2.2 Patients and samples

A total of 171 unrelated patients diagnosed with non-syndromic or syndromic HL were enrolled from January 2017 to September 2024 under an institutional review board-approved protocol of informed consent. A comprehensive history and physical examination were obtained for each participant, including clinical history, severity of HL, age and cause of onset, infection history, exposure to aminoglycoside antibiotics, and genetic factors associated with hearing impairment (Yin et al., 2014). The recruited patients exhibited sensorineural or mixed HL. The severity of HL was established as mild (hearing thresholds 26 dB–40 dB), moderate (hearing thresholds 41 dB–60 dB), severe (hearing thresholds 61 dB–80 dB), or profound (hearing thresholds more than 80 dB). A stepwise approach was provided as an alternative (Yin et al., 2014), and four patients in the study cohort opted for this approach and were pre-screened for the GJB2, SLC26A4, and MT-RNR1 gene variants prior to ES.

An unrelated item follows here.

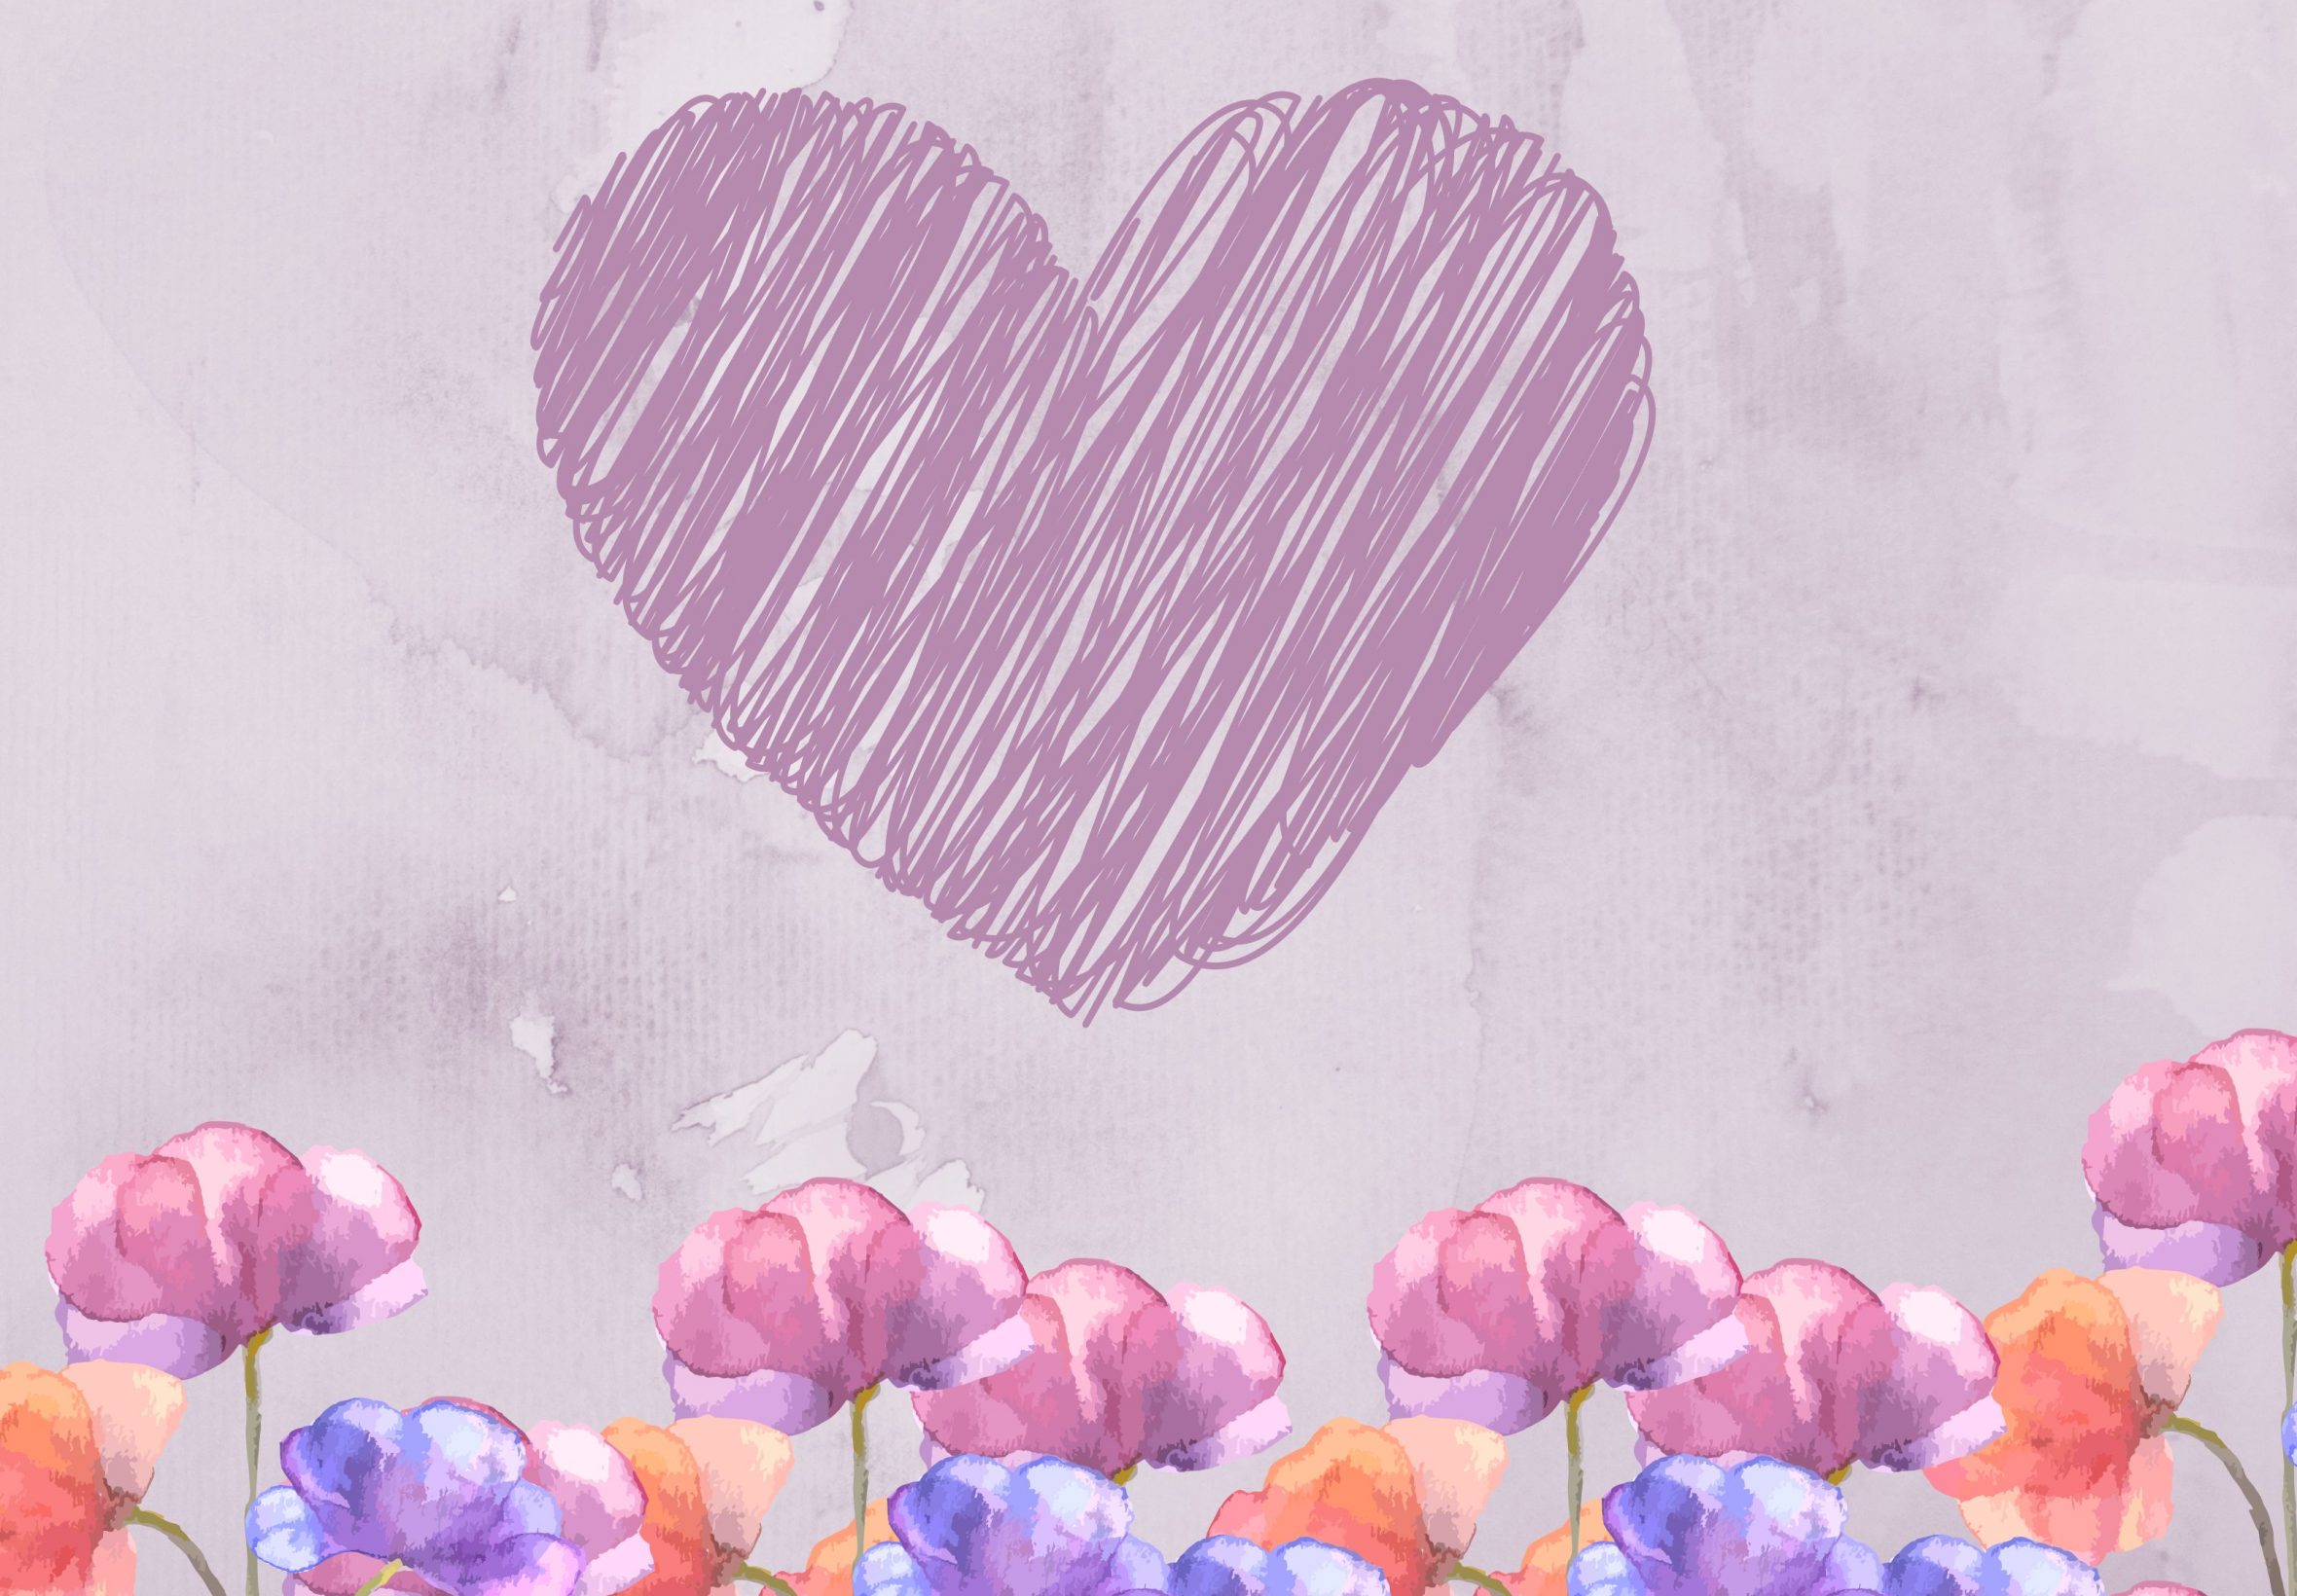 2360x1640 iPad Air wallpaper 4k Heart Floral Pastels Ipad Wallpaper 2360x1640 pixels resolution

Peripheral blood samples were collected from the patients and their first-degree relatives if available. Genomic DNA was extracted using the SolPure Blood DNA Kit (Magen, Shanghai, China), following the manufacturer’s instructions, which included optional RNase treatment. The DNA was then fragmented using a Q800R Sonicator (Qsonica, CT, United States). The paired-end libraries were prepared following the Illumina library preparation protocol.

2.3 Exome sequencing

All cases underwent genetic evaluations using either whole-exome sequencing (WES) or clinical exome sequencing (CES). Custom-designed NimbleGen SeqCap probes (Roche NimbleGen, Madison, WI) were used for in-solution hybridization to enrich target sequences for WES or, in the case of clinical ES, the target sequences included ∼5,000 genes that were potentially associated with known Mendelian genetic diseases (AmCare Genomic Laboratory, Guangzhou, China). Low-quality reads (Phred score < Q20) were removed before demultiplexing. Sequences were aligned to the hg19 reference genome using NextGENe software (SoftGenetics, State College, PA) with standard parameters for single-nucleotide variant (SNV) and insertion/deletion (indel) detection.